→ **PROMPT**
Among the entries below, copy every line that carries the word "Stock".

------------------------------------

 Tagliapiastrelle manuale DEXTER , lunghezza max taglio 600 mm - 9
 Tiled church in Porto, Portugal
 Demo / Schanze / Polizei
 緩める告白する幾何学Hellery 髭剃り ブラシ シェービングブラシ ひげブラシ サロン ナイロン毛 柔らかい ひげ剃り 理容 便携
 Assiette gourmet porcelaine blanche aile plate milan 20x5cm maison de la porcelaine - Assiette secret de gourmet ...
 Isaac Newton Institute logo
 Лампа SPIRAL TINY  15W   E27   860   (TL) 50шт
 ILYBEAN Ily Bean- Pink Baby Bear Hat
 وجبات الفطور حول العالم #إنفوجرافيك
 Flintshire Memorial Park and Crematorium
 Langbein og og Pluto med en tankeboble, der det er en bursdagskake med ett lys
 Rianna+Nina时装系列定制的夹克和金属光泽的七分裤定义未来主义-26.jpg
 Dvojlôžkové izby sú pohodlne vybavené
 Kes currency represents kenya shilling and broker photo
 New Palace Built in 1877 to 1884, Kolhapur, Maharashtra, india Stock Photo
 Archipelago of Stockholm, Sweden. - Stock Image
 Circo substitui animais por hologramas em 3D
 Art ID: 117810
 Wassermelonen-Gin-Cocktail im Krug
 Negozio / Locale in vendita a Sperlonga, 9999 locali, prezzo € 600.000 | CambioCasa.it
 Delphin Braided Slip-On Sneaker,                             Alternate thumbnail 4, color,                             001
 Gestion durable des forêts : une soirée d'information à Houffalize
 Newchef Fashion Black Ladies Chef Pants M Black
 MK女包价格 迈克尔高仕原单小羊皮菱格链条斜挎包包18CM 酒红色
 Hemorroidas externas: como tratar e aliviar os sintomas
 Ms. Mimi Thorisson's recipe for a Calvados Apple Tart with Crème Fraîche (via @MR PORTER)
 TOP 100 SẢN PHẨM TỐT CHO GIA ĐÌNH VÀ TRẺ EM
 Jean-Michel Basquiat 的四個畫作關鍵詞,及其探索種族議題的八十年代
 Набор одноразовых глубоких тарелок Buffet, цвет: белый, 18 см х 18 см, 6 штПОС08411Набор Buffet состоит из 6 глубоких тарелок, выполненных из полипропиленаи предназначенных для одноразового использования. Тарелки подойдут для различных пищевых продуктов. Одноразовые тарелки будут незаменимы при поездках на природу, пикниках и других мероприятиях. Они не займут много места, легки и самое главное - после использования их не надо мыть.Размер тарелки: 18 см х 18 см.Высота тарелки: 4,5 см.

------------------------------------

→ **SOLUTION TO THE PROBLEM**
 New Palace Built in 1877 to 1884, Kolhapur, Maharashtra, india Stock Photo
 Archipelago of Stockholm, Sweden. - Stock Image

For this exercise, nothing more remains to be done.